And even though Mr. Littlefield is a professional janitor  -- we found some dirt on him.  In fact… he doesn't look nearly as squeaky clean as the Professor

PC described as a swamp yankee. fond of a drink or two. And he allegedly had been quietly running card games at the medical school at night

WZ mmm hmmm

So in his downtime he was a drinker, and a gambler… but the real killer piece of evidence against him... was what he did at work -- besides cleaning the premises --- he helped to procure dead bodies.

PC He literally knew where the bodies were buried

At the time… anatomy students at Harvard were desperate for bodies to dissect[18].  And getting those corpses was dirty business… it often meant paying off body snatchers who literally dug corpses out of graveyards…

PC Yeah, this janitor was really kind of the middle man, he’s the guy that would get the money from the professors and then go talk to the body snatchers…

So clearly this janitor didn’t have a big issue with handling corpses for cash …  And we know Mr Parkman had a lot of money on him when he disappeared…. Plus, since there was a reward,  IF the janitor did this dirty deed -- he would now get paid twice..  when he stole the cash and again when he led police to the body. With that kind of money ... this janitor could have made a killing.

So who's responsible for the chopped up body at Harvard? Was it the professor in the laboratory with the chemicals? Or the corpse-collecting janitor in the basement?

Chapter 6: The case against the professor 

Who knows?!? But soon…  evidence starts piling up against one of our suspects… the professor. He has a motive too. The oldest in the book. The professor owed lots of money to the missing Mr Parkman… he was in fact… flailing in a quicksand of debt.

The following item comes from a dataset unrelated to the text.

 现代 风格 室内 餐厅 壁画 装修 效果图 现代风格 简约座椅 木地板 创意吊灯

PC Deeply disastrously in debt. And in debt to Parkman in particular, he owed him thousands of dollars. He'd literally signed away every book, clothing, down to the bed linen in his house. Just, all his property[19].

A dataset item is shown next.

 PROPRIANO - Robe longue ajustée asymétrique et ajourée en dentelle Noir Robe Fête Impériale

You see the professor had a taste for the finer things in life… he spent all of his inheritance on a stupidly fancy house[20]… And with what Harvard was paying him -  wasn’t nearly enough to keep up with his lavish lifestyle. So the Professor was in the red to the Scrooge of Boston — owing more than a yearly salary to the bloke[21]. It then emerges that this chemistry professor was no mild mannered nerd… newspapers report rumors that he had such a quick temper, his nickname while he was a student was Skyrocket Jack[22] ...

OK and then finally…  there’s his job. The professor studies chemistry. But he’s not cooking up new lifesaving medicines at the medical school - oh no - he studies what chemicals do to the human body. Chemicals … like arsenic.

<<GONG>>>

The chunks of body in the professor’s lab and the fact that he owed the dead man lots and lots of money — it looks bad for the Professor - bad enough for prosecutors to take this case to trial. Yes. The professor would be charged with the murder of Mr. George Parkman.

After the break... the trial against the Professor. 19th Century forensic science gives this case everything it's got… We'll learn how to dissolve a human body… 19th Century style… and try to identify a corpse from the hairiness of its legs…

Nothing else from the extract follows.